Scicat Dataset Ingestor¶
The scingestor
python package provides a support for scripts which
ingest Datasets and OrigDatablocks into the SciCat metadata server.
scicat_dataset_ingestor¶
SciCat Dataset ingestor server ingests scan metadata just after a scan is finished. It can be executed by
scicat_dataset_ingestor -c ~/.scingestor.yaml
Configuration variables¶
The configuration written in YAML can contain the following variables
scicat_url (str) , default:
"http://localhost:3000/api/v3"
ingestor_credential_file (str) , default:
None
beamtime_dirs (list<str>) , default:
[]
beamtime_base_dir (str) , default:
""
ingestor_var_dir (str) , default:
""
ingestor_username (str) , default:
"ingestor"
dataset_pid_prefix (str) , default:
""
dataset_update_strategy (
"no"
,"patch"
,"create"
,"mixed"
) , default:"patch"
relative_path_in_datablock (bool) , default:
False
scandir_blacklist (list<str>) , default:
["/gpfs/current/scratch_bl", "/gpfs/current/processed", "/gpfs/current/shared"]

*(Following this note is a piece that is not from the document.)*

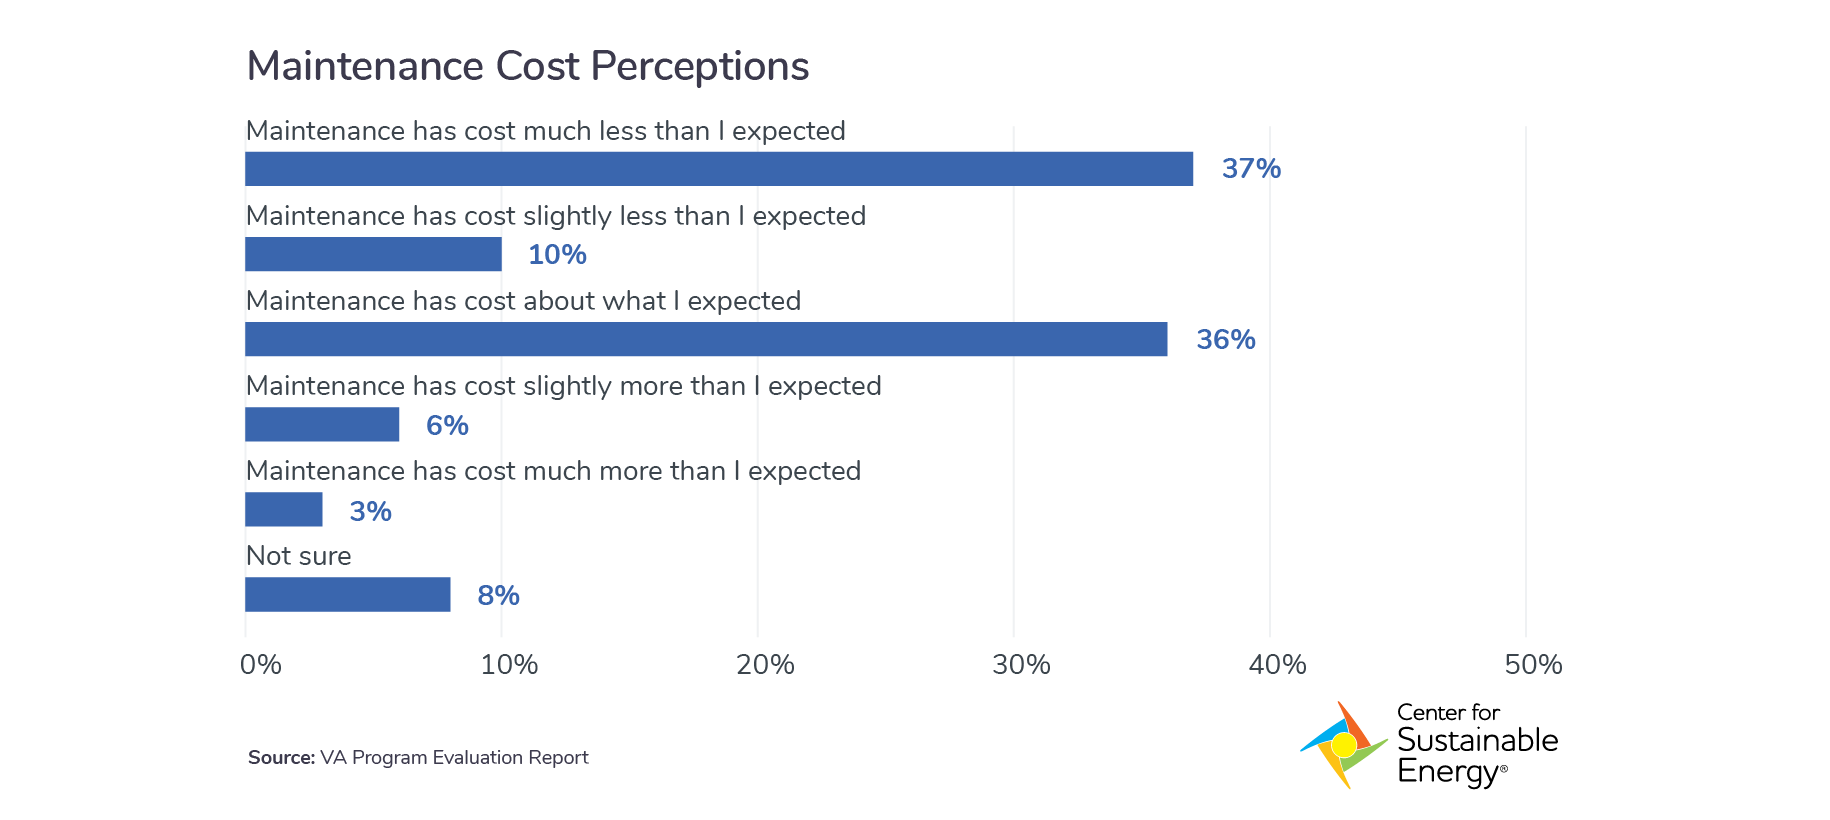 Figure 2. Maintenance cost perceptions (CVA Program Evaluation Report)

beamtimeid_blacklist_file (str) , default:
None
beamtime_type_blacklist (list<str>) , default:
["P"]
chmod_json_files (str) , default:
None
max_scandir_depth (int), default:
-1
oned_in_metadata (bool) , default:
False
force_measurement_keyword (bool) , default:
True
force_generate_measurement (bool) , default:
False
max_oned_size (int) , default:
None
scan_metadata_postfix (str) , default:
".scan.json"
datablock_metadata_postfix (str) , default:
".origdatablock.json"
attachment_metadata_postfix (str) , default:
".attachment.json"
metadata_in_var_dir (bool) , default:
True
use_corepath_as_scandir (bool) , default:
False
watch_scandir_subdir (bool) , default:
False
beamtime_filename_postfix (str) , default:
"beamtime-metadata-"
beamtime_filename_prefix (str) , default:
".json"
scicat_proposal_id_pattern (str) , default:
"{proposalid}.{beamtimeid}"
datasets_filename_pattern (str) , default:
"scicat-datasets-{beamtimeid}.lst"
ingested_datasets_filename_pattern (str) , default:
"scicat-ingested-datasets-{beamtimeid}.lst"
file_dataset_metadata_generator (str) , default:
"nxsfileinfo metadata -k4 -o {metapath}/{scanname}{scanpostfix} --id-format {idpattern} -b {beamtimefile} -p {beamtimeid}/{scanname} -w {ownergroup} -c {accessgroups} {masterfile}
dataset_metadata_generator (str) , default:
"nxsfileinfo metadata -k4 -o {metapath}/{scanname}{scanpostfix} --id-format {idpattern} -c {accessgroups} -w {ownergroup} -b {beamtimefile} -p {beamtimeid}/{scanname}"
datablock_metadata_generator (str) , default:
"nxsfileinfo origdatablock -s *.pyc,*{datablockpostfix},*{scanpostfix},*~ -p {doiprefix}/{beamtimeid}/{scanname} -w {ownergroup} -c {accessgroups} -o {metapath}/{scanname}{datablockpostfix} "
datablock_metadata_stream_generator (str) , default:
"nxsfileinfo origdatablock -s *.pyc,*{datablockpostfix},*{scanpostfix},*~ -w {ownergroup} -c {accessgroups} -p {doiprefix}/{beamtimeid}/{scanname} "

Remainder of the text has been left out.